Masyarakat (khususnya Jawa) kadung mengenal istilah Mo-Limo sebagai Maling (mencuri, termasuk juga korupsi), madat (nyabu), main (berjudi), minum (mabuk-mabukan), dan madon (main perempuan). Semuanya sebagai pantangan, ora ilok, yang harus dijauhi (prefentif), diberantas (post facto), dan pihak-pihak yang jadi korban diobati (kuratif).
Dengan latar belakang seperti itu maka terbilang aneh jika ada orang yang memberi nasehat untuk melakukan Mo Limo, apalagi nasehat itu diberikan sebagai nasehat pernikahan bagi mempelai. Orang yang nekat menentang arus tersebut kebetulan adalah ki Dalang yang sedang manggung karena ditanggap oleh shahibul hajat yang sedang menikahkan anaknya.

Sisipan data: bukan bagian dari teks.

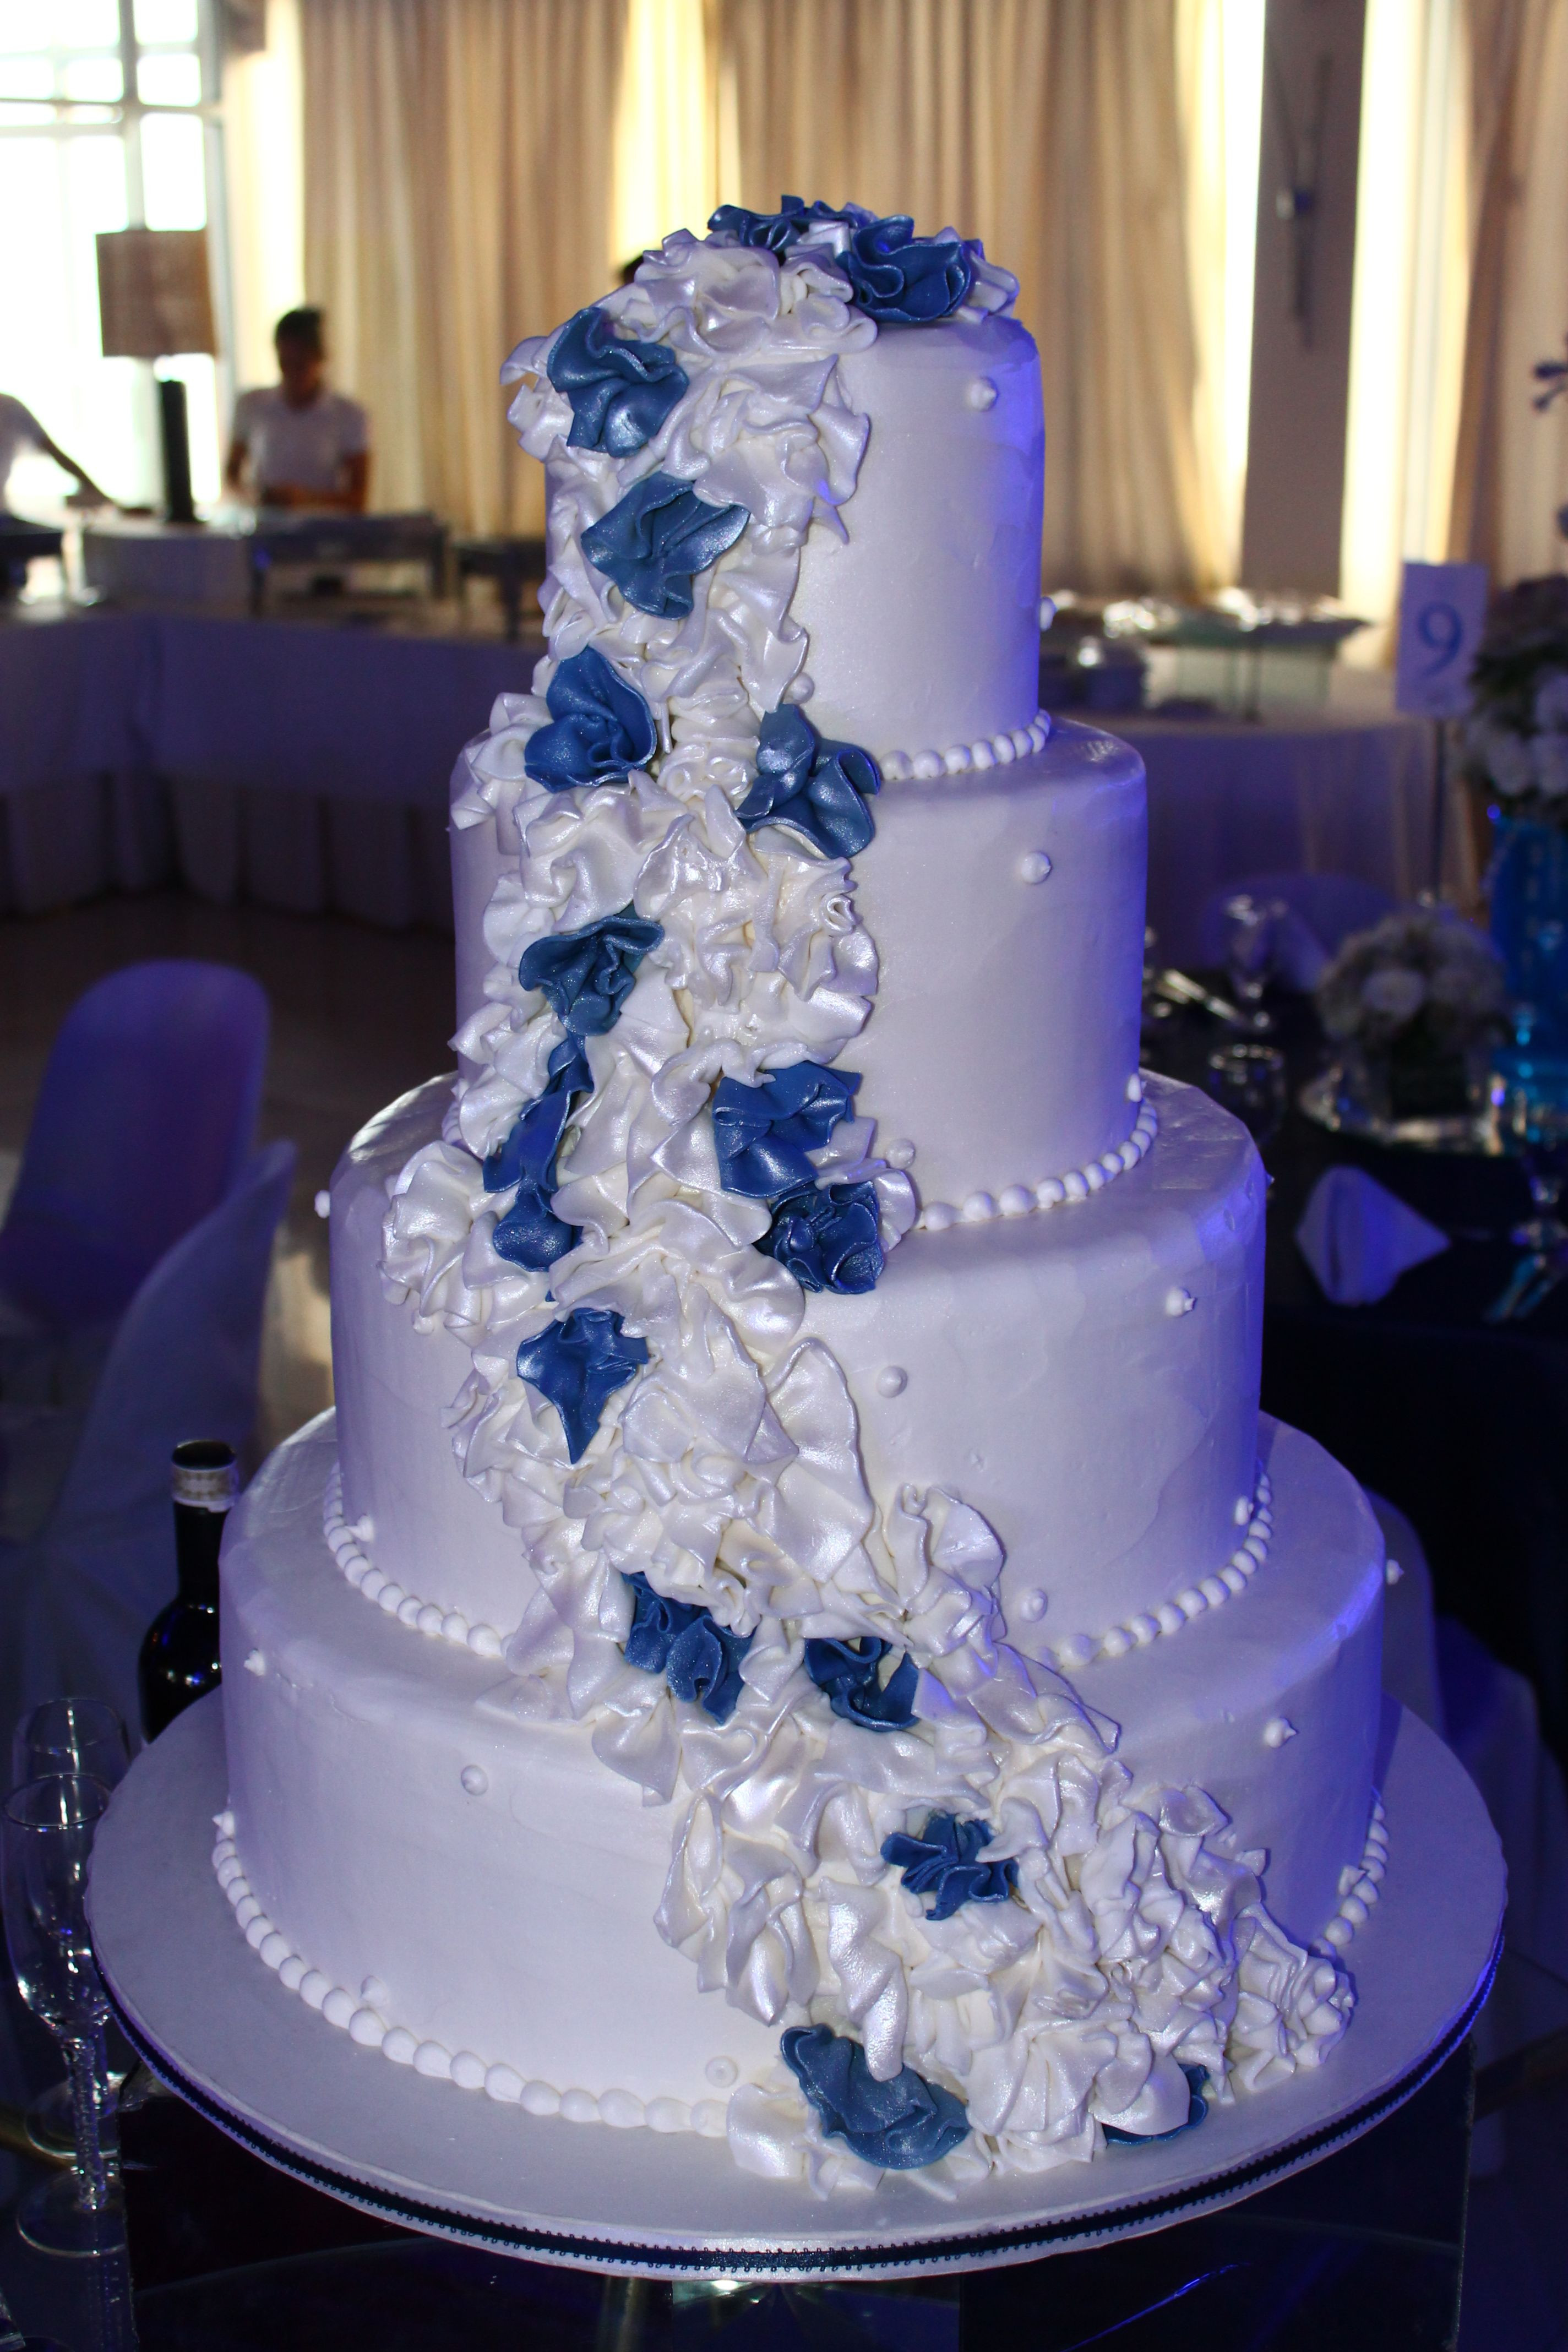 4 Layered Wedding Cakes
 4 layer white wedding cake with cascading white and navy

Bayangin ki Dalang yang tugasnya sangat mulia ngudal piwulang (memaparkan ilmu dan hikmah) memberi nasehat bagi mempelai untuk melakukan Mo Limo.
Dalang yang satu ini secara mbeling menentang arus dengan mempergunakan terminologi yang kadung populer berkonotasi negatif kemudian dibelokkan dengan isi (content) yang berbeda. Jika isinya tidak diganti, ia bisa dipecat dari profesinya sebagai dalang. Bahkan bisa-bisa digantung. Segi positifnya, dengan mempergunakan istilah Mo Limo yang sudah populer akan mendapat perhatian khalayak (fungsi stopper). Setelah khalayak antusias, baru dech dia beberkan apa isi dari Mo Limo versi nasehat nikahnya.
1. Mlumah (untuk orang tidur berarti posisi menghadap ke atas, tengadah)
2. Mengkurep (untuk orang tidur berarti posisi menghadap ke bawah, tengkurap)
3. Modod (istilah untuk barang yang dimensi ukurannya bisa bertambah panjang dan bertambah besar)
4. Mlebu (masuk)
5. Metu (keluar)
Isinya sama sekali berbeda kan dengan Mo Limo versi generik. Hanya saja kok terkesan saru (jorok, menjurus ke seks), seperti kupasan dr. boyke aja. Apakah ki Dalang ini emang bener-bener mbeling ya? Waktu pertama mendengarnya dari seorang Master Consultant yang memberikan nasehat kepada rekan yang dalam waktu dekat akan menikah, kami sempat berpikir begitu sambil mesam mesem. Tetapi Bapak Tua asal Banyumas yang emang sejak mudanya penggemar berat wayang itu segera menambahkan bahwa tidak sedangkal itu nasehat ki Dalang. Bukan dalang namanya kalau tidak ada unsur filosofis dalam apa yang disampaikannya.
Rupanya:
1. Mlumah dalam arti advance maksudnya menghadap ke langit, senantiasa ingat kepada yang kuasa. Keluarga samara (sakinah mawaddah warahmah) hanya akan terbina jika didasari iman, islam dan ihsan.
2. Mengkurep. Sebagai konsekuensi dari posisi orang tengkurap adalah hanya melihat yang di bawahnya. Maksudnya, dalam berumah tangga harus senantiasa fokus pada pasangan (baca: keluarga). Tidak boleh celingak celinguk, jelalatan lihat kanan kiri mencari yang lebih kinclong, bening kinyis-kinyis.
3. Modod. Berusahalah mengembangkan kompetensi dengan meningkatkan kemampuan, keterampilan, dan prigel untuk mencari nafkah dan atau bekal kehidupan lainnya dalam membina kehidupan (rumah tangga).
4. Mlebu. Apa pun yang di dapat dalam tahap sebelumnya, orientasi pertama adalah ke dalam (keluarga). For better or worse pasangan telah berjanji untuk membina rumah tangga, untuk itu segala sesuatunya harus dikomunikasikan ke dalam. Jangan sampai pasangan (anggota keluarga lain) justru tahunya dari pihak ketiga.
5. Metu. Orientasi pertama ke dalam tidak berarti menutup mata dan telinga dengan dunia luar. Ilmu, rezeki, dan lain-lain yang didapat tidak akan habis dikonsumsi sendiri. Share sebagian kepada orang lain sebagai amal. tangan di atas lebih baik dari tangan di bawah.
Dengan adanya dua versi Mo Limo ini maka diharapkan tidak membuat bingung. Bukankah Rasulullah SAW juga pernah menyampaikan pesan untuk memperhatikan lima sebelum yang lima (hidupmu sebelum matimu, sehatmu sebelum datang sakitmu, kesempatanmu sebelum kesempitanmu, mudamu sebelum tuamu dan kayamu sebelum datang melaratmu).